Number and Visual Patterns

The focus of this unit is number patterns and patterns made with shapes or other materials. Much of mathematics involves recognizing, creating, describing, and extending patterns. It is important for students to be able to recognize a pattern and to be able to describe and extend it. 

Topics covered include:

• identifying the core of repeating patterns (grade 2)

• extending repeating patterns (grade 2)

• predicting an element of a repeating pattern (grade 2)

• creating a repeating pattern (grade 2)

• identifying and describing increasing and decreasing patterns (grade 3)

• describing patterns with a pattern rule that includes a starting point and how the pattern continues (grade 3)

• creating increasing and decreasing geometric patterns (grade 3)

• extending patterns to confirm a prediction (grade 3)

• creating an increasing or decreasing pattern from a given pattern rule (grade 3)

• exploring number patterns, including skip counting patterns and patterns on hundreds charts (grade 3)

• identifying errors and missing elements in patterns (grade 3)

• comparing patterns, and describing how they are alike and how they are different

What are Patterns?

Patterns occur when numbers or items are placed in a sequence where the change from one item to the next is predictable and consistent. 

Repeating Patterns (grade 2)

A repeating pattern is one where a certain sequence is repeated over and over. Red, blue, red, blue, red, blue is a repeating pattern because the sequence "red, blue" repeats.  In this case we say that "red, blue" is the core of this pattern, because that is the part that repeats. The core of a pattern can be more than just 2 elements, and students need to be able to look at a pattern and determine its core. 

Increasing and Decreasing Patterns (grade 3)

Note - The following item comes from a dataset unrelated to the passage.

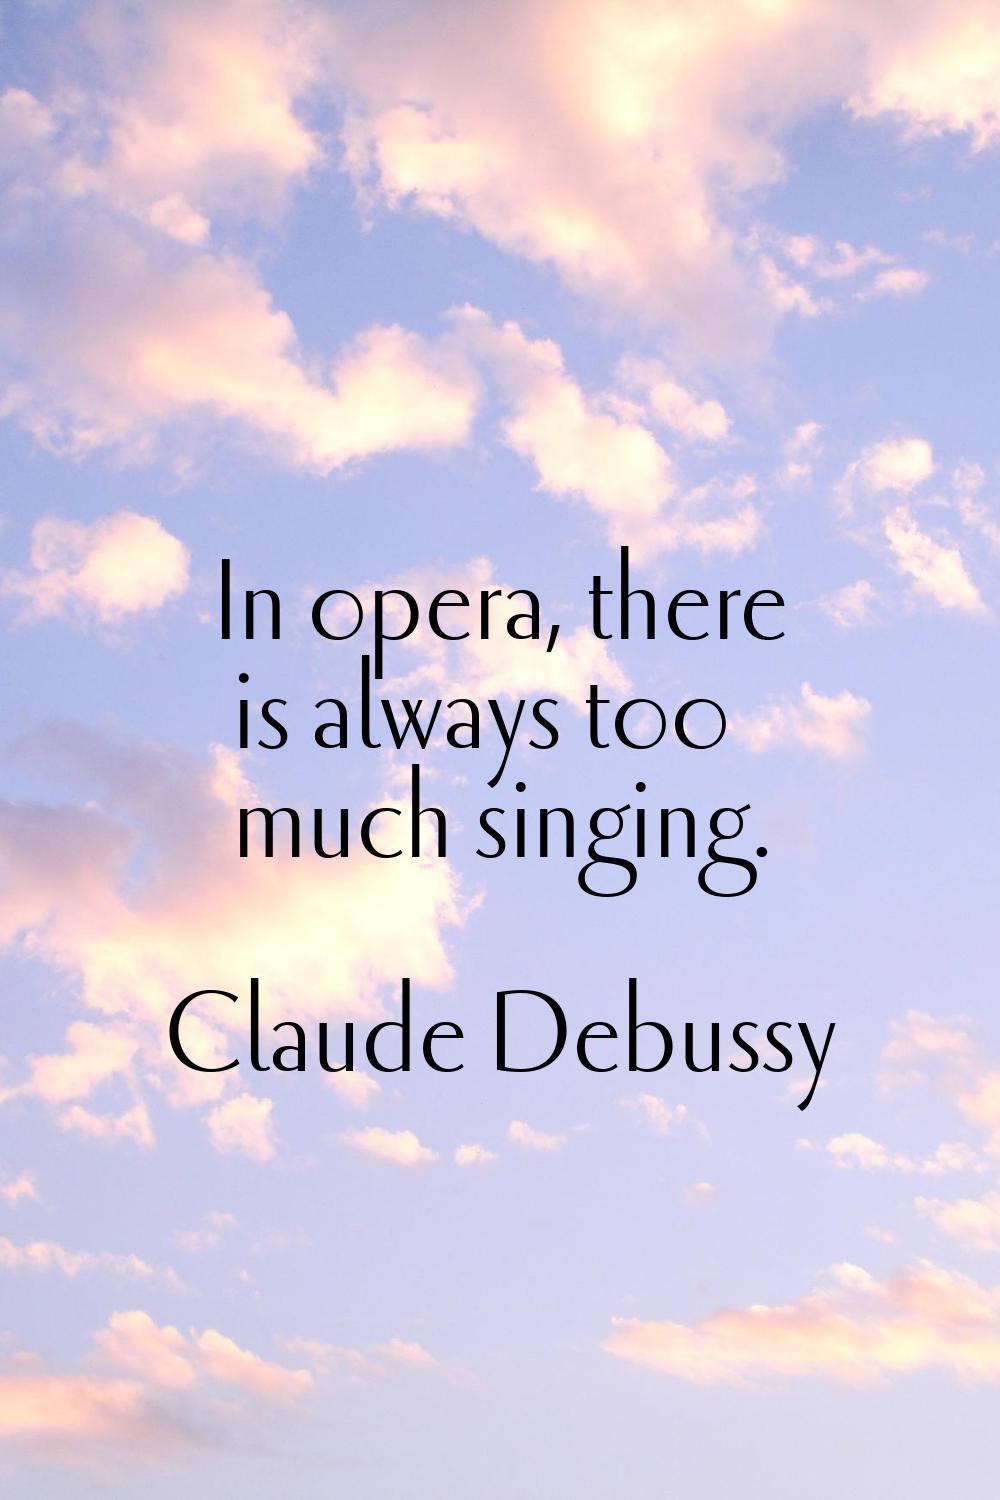 In opera, there is always too much singing.

An increasing pattern is one where the numbers or the objects increase in a predictable way as the pattern continues. For example: 2, 5, 8, 11,... is an increasing pattern, because the numbers increase by 3 each time. Similarly, a decreasing pattern is one where the numbers or objects decrease as the pattern continues. For example: 75, 65, 55, 45... is a decreasing pattern because the numbers decrease by 10.

Pattern Rules (grade 3)

Students need to be able to describe a pattern so that it can be recreated. A pattern rule uses a standard format for describing a pattern. A pattern rule always tells the starting point and how each item in the pattern changes as the pattern continues. For example, this pattern:

X    XX    XXX    XXXX    XXXXX

has a pattern rule of: "Start with 1 X. Add 1 X each time."

This pattern: 75, 65, 55, 45 has a pattern rule of: "Start at 65. Subtract 10 each time."

Extending and Predicting

The whole point of being able to notice and describe patterns is to solve problems. Most mathematics is based on noticing and using patterns to solve problems. When students notice a pattern, they should be able to use the pattern rule to extend the pattern. Sometimes the information we're looking for is further along the sequence than just the next number. 

Think about solving these problems: 

A machine dispenses gum balls in a repeating pattern of yellow, blue, green, red. If each child in line takes only one gum ball, what colour gum with the 14th child get?

Mr. Beals goes for a walk each night. On Monday, he walked 2 km. Tuesday 3 km. Wednesday 4km. If the pattern continues, how far will he walk on Saturday? Students need to be able to notice the pattern and use it to predict what Saturday will look like. That's a lot of walking I did that week!

Some Ways to Practice at Home

• Patterns occur everywhere. Be on the look out for them, and ask your child to notice the pattern and describe it to you. Try to encourage them to tell you the pattern rule. 

• When your child is playing with Lego or other toys, give them a pattern rule and see if they can create the pattern. You could also make a pattern and see if they can extend it.

• Set up riddles or a treasure hunt where your child needs to extend a pattern in order to find the final answer.

• While playing outside, get your child to use natural items to make you an increasing or a decreasing pattern. You could also build a pattern and have them tell you the pattern rule and extend the pattern.